# Can you "overfeed" a steer??



## Beeman (Dec 29, 2002)

I know this sounds like a dumb question. Can you overfeed a steer if you feed them commercial feed or things like cornstalks?


----------



## agmantoo (May 23, 2003)

Yes, cattle can overeat. You may want to read this
http://beef.osu.edu/library/feedlot/ch10.html


----------



## arabian knight (Dec 19, 2005)

Well Once they have been fed up to a large amount I have found they can be put on what I call Total Feed OR Grain in front of them 24/7 I use a Huge Tub that holds over 100 pounds of grain and just let my steer eat as much as he wants too. And have never had a problem over the last 20+ years with doing this with one steer at a time. 
I have when raising horses have done the same thing put them also once built up to it on Total feed grain in front of them 24/7.
And I have yet to have one over eating problem like I said in way over 20 years more like 30 years at doing this.
But i sure have done this in every steer I have raised in the past 15 years Total Feed grain in front of them 24/7 When it gets low just dump in another 100 pound bag and let em eat that as much as they will.
AND Even at that I see them out eating grass and hay etc.~~!
And at that they are ready to butcher at around 15 months old where I get 400+ pounds of meat to put in my freezer.
Years ago I was raising Holstein steers on a program called ""TenderLean""
Where NO HAY only this Palletized Feed mixture along with corn. At the Start it was 10 to 1 Mixture meaning 10 parts TenderLean with 1 part of corn and at the end of 10 months you were feeding 10 Parts of Corn to One Part of tenderLEAN and a Holstein would Gain within ONE year to over 1200 pounds. I never waited that long but went up t 10 months old and at around 900 pounds and Put OVER 600 Pounds of meat in my freezer!!!!!!
So this Program AGAIN was a Steer Put on TOTAL Feed 24/7 -- 365 ~!
With NO HAY ONLY this Palletized Feed and Corn~!. But ALL they Could Eat always a FULL tub of this mixture in front of them~!
So here is another program of gee I have never heard of a steer eating all they can get and having any problems.


----------



## randiliana (Feb 22, 2008)

Well, all I can say is that you have been lucky. But, overeating/overfeeding is more likely to happen when you are changing feeds. You have to be cautious when changing or increasing the amount of feed you are feeding. You can end up with acidosis pretty easy, or bloat.


----------



## Beeman (Dec 29, 2002)

What about feeding cornstalks as I take the garden down? Any limitations on things like cornstalks? I'm guessing free feeding most any hay besides alfalfa is OK.


----------



## agmantoo (May 23, 2003)

Just use the 3% rule and give the animal 3% of its weight in corn stalks.

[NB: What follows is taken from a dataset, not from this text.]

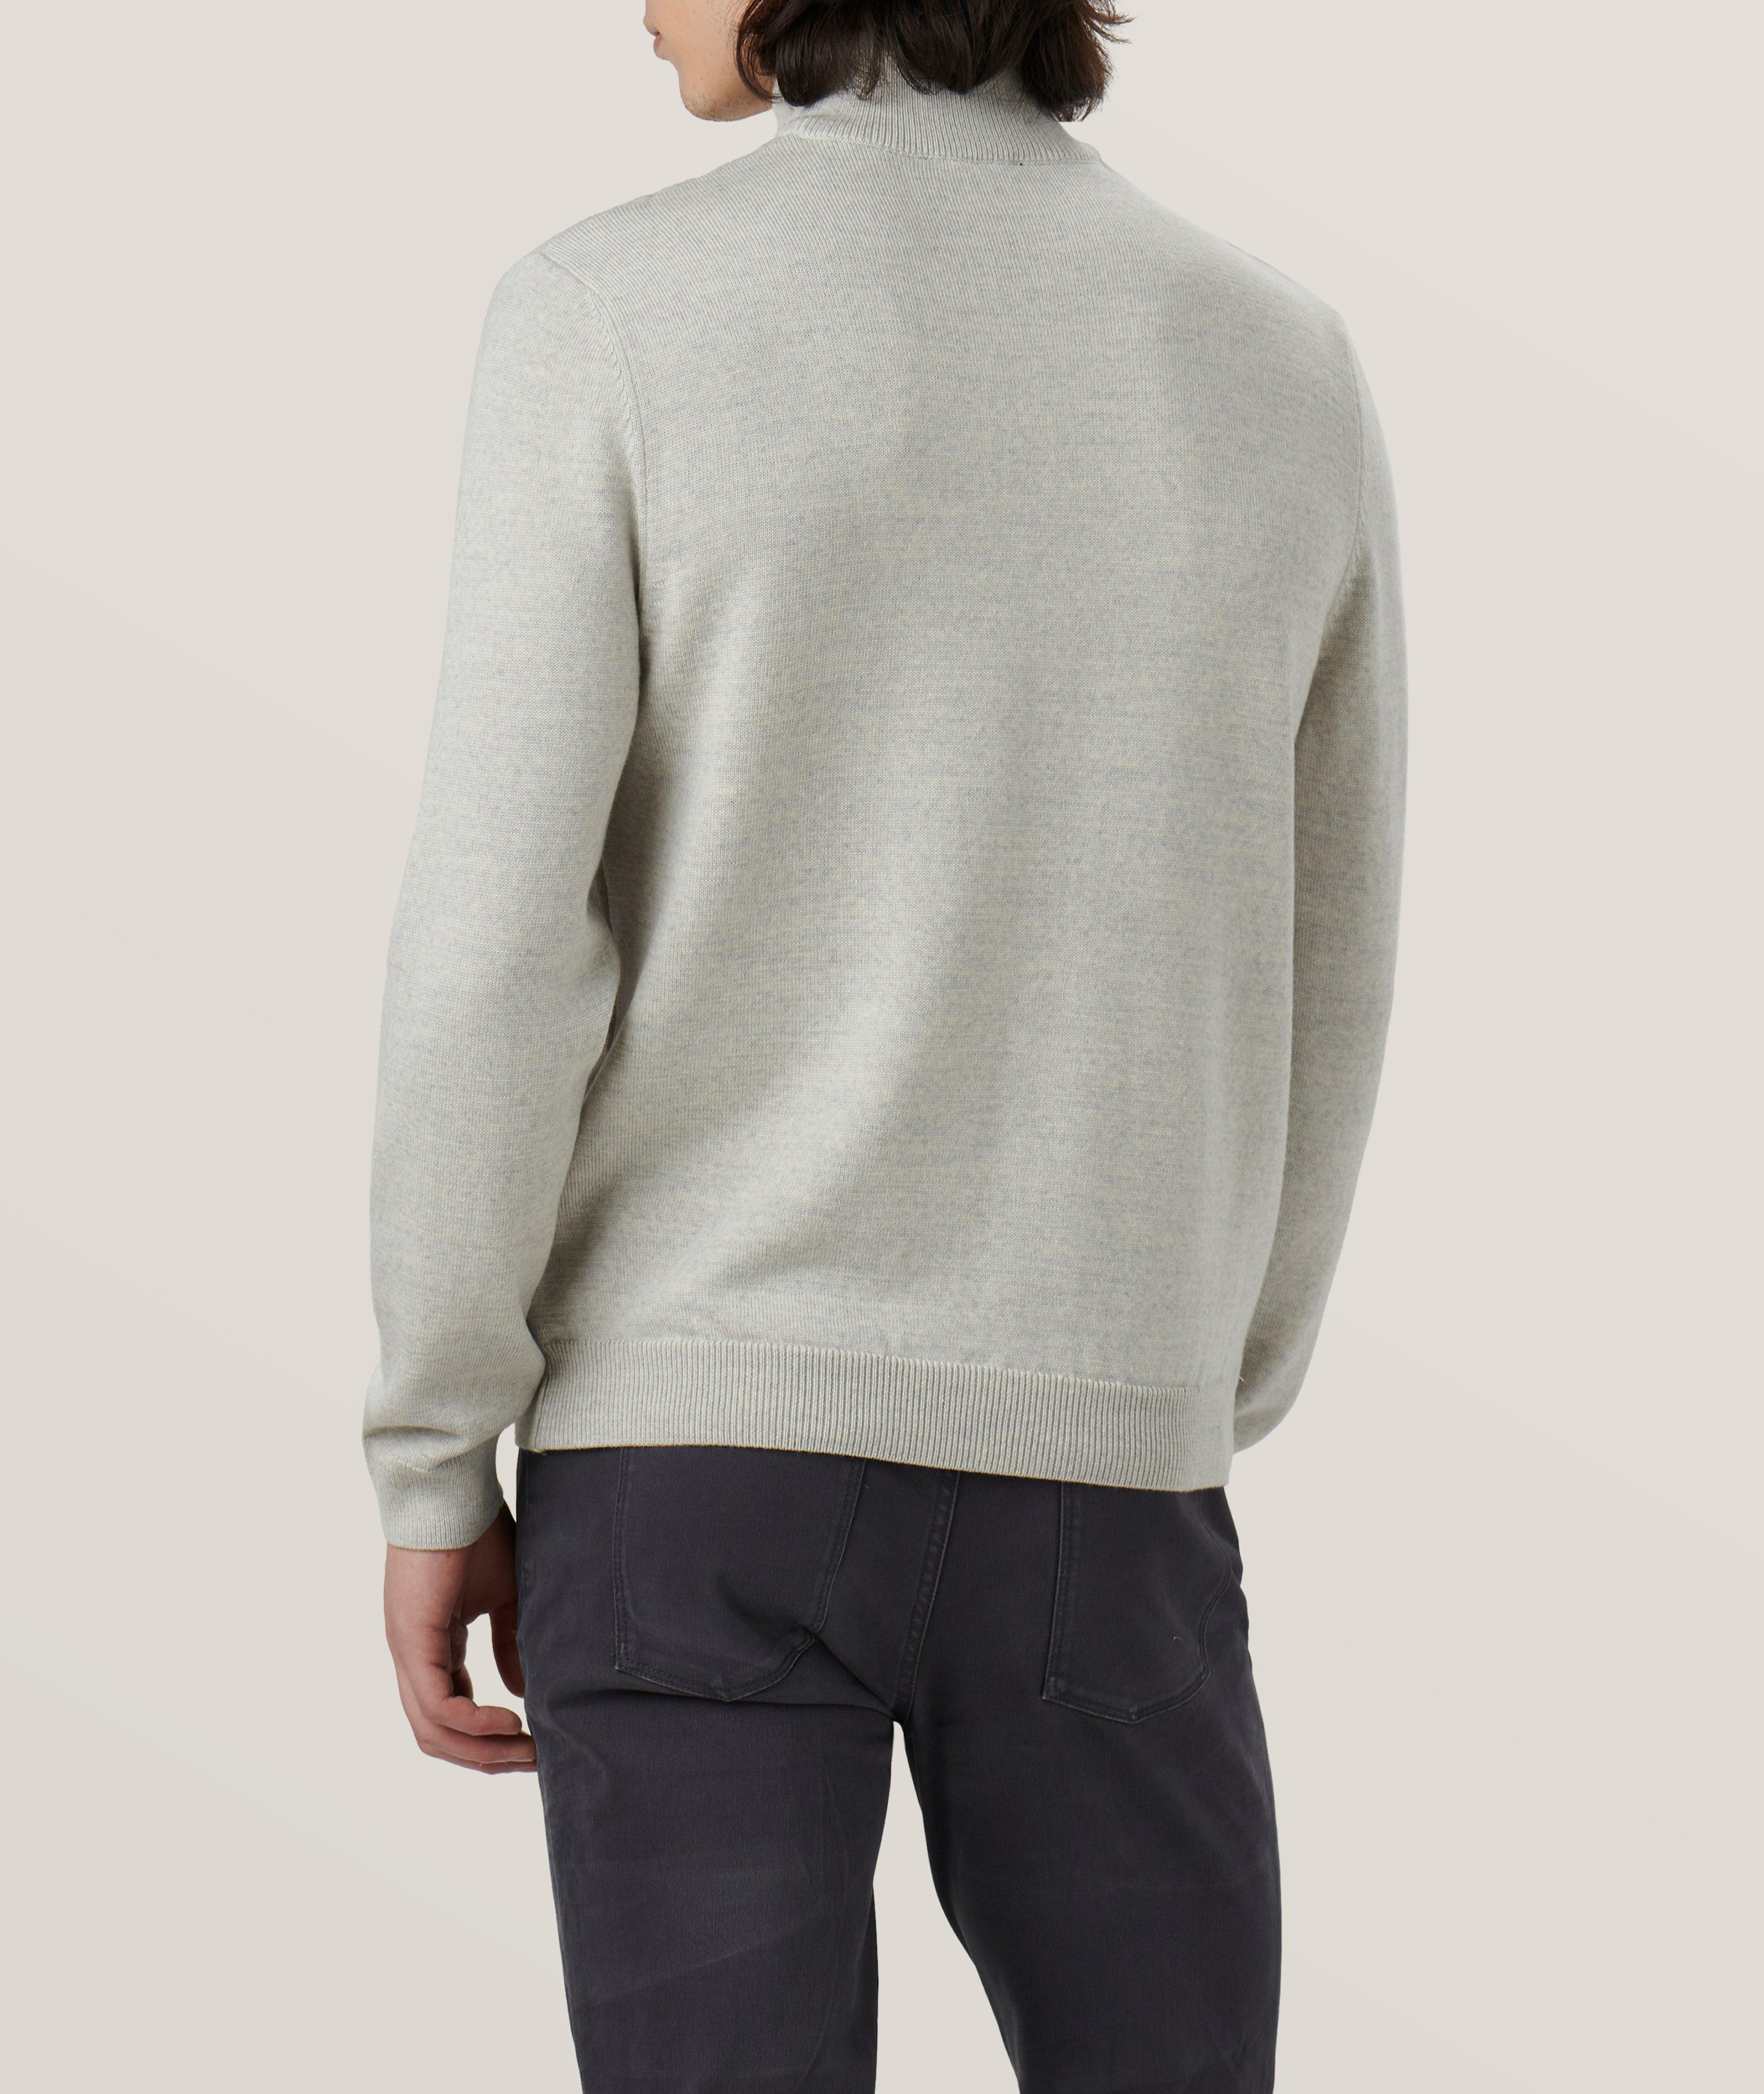 Solid Cotton Sweater  image 4

If I am putting the herd on different pasture I get them ready for the change in diet by filling them up on what they were eating so that they cannot overeat on the new forage. I make a gradual transition especially to plants that are known for bloating such as clovers or sorghums.


----------



## randiliana (Feb 22, 2008)

The best way to change over is gradually. Although things like cornstalks are less likely to cause a big problem. They are pretty high in fibre, and not so high in energy. It is usually the lower fibre or higher energy feeds that cause problems.


----------